The process of preparing for the Council is now well under way. The proposal covers stocks that are not subject to third party international agreements and are, in the main, whitefish and prawn stocks. Stocks that are subject to ongoing international negotiations are not included in the proposal as yet. The international coastal states mackerel negotiations concluded in October, with agreement on a 41% increase in mackerel quotas for 2020 in line with the scientific advice.
Mackerel is Ireland’s single most valuable fishery and this increase represents a mackerel quota for Ireland of more than 78,000 tonnes, worth more than €80 million directly to our catching sector for 2020.
Negotiations between the EU and Norway were completed last Friday. The European Union total allowable catch, TAC, for blue whiting has not yet been finalised pending further negotiations between the EU and the Faroe Islands, which are taking place this week. However, it is expected that there will be a small increase over 2019, with a quota of approximately 38,500 tonnes in 2020 for Ireland. There will be a significant reduction in the TAC for horse mackerel - in the region of 40% - due to the state of the stock reflecting the scientific advice for this stock. The quotas for these stocks are not included in the Commission proposal or the sustainability impact assessment, SIA, as we must wait for the conclusion of all of the international agreements.
This year saw the full implementation of the landing obligation, or discards ban, which has been introduced on a phased basis over the period 2015 to 2019. This is a central element of the reform of the Common Fisheries Policy and was agreed by all member states as well as the European Parliament. The full implementation of the landing obligation brings an end to the dumping of perfectly good fish at sea and the catching and discarding of juvenile fish. This is a common-sense goal and although the obligation comes with significant challenges, we will continue to work with it.
Another key feature of the Common Fisheries Policy is the setting of TAC and quotas to deliver maximum sustainable yield for all target stocks by 2020. Maximum sustainable yield, or MSY, as it is more commonly known, is the largest average catch or yield that can continuously be taken from a stock under existing environmental conditions. In the EU as a whole, 59 stocks are fished at MSY levels in 2019, which has increased from 53 in 2018. In 2009, only five stocks were fished at MSY levels.

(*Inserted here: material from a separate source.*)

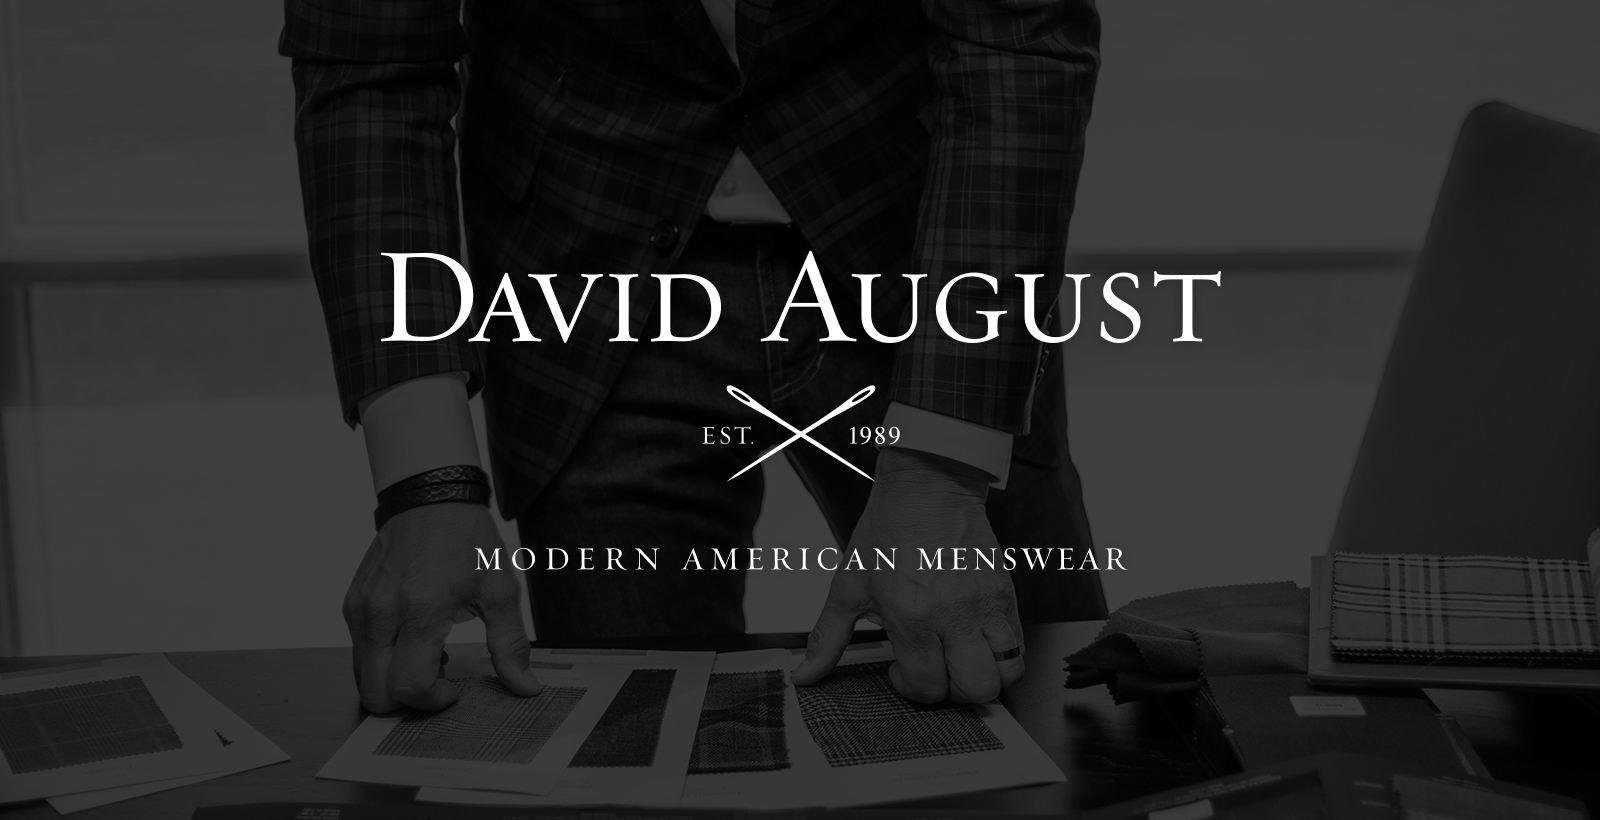 david august logo refresh full logo mark design

This is a significant achievement and Ireland will continue to work with stakeholders, member states and the Commission to build on this tangible progress to achieve our objectives of healthy fish stocks and sustainable fishing.
Moving on to the proposals, they are based on formal advice received from ICES, the independent international body responsible for advising on the state of fish stocks. It also takes account of the views of the scientific, technical and economic committee for fisheries, STECF, which gives the Commission its views on the economic, technical and social impacts of the scientific advice.

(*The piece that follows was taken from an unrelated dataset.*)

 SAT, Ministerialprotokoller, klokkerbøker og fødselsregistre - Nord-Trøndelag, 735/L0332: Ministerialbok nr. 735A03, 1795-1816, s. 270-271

I have had an assessment of the impacts of the Commission proposal undertaken to inform my negotiations at the December Fisheries Council. An open consultation process was initiated whereby stakeholders were asked to submit their comments and observations on the Commission proposal for fishing opportunities for 2020 to facilitate the assessment. From 28 October 2018, an online web portal on www.fishingnet.ie was activated to enable the transmission of electronic submissions for consideration. This portal remained open until 22 November and five submissions were received by the closing date. The full content of all the submissions received by the deadline will be published on the fishingnet.ie website. In addition to the written submissions, I convened a meeting of stakeholders – fishing industry representatives and environmental NGOs - on 25 November. The purpose of this meeting was to give a further opportunity to the main stakeholders to outline their positions on the many aspects of this proposal. I thank all of the various stakeholders for their contributions to this impact assessment. As always, there was a range of views among stakeholders. However, there were also commonalities, and I agree with many of the sentiments expressed through the consultation process. These include a call for adherence to the available scientific advice to enable responsible and appropriate management decisions to be taken. This, however, must be balanced with the concern that major cuts to TACs could have severe socioeconomic impacts.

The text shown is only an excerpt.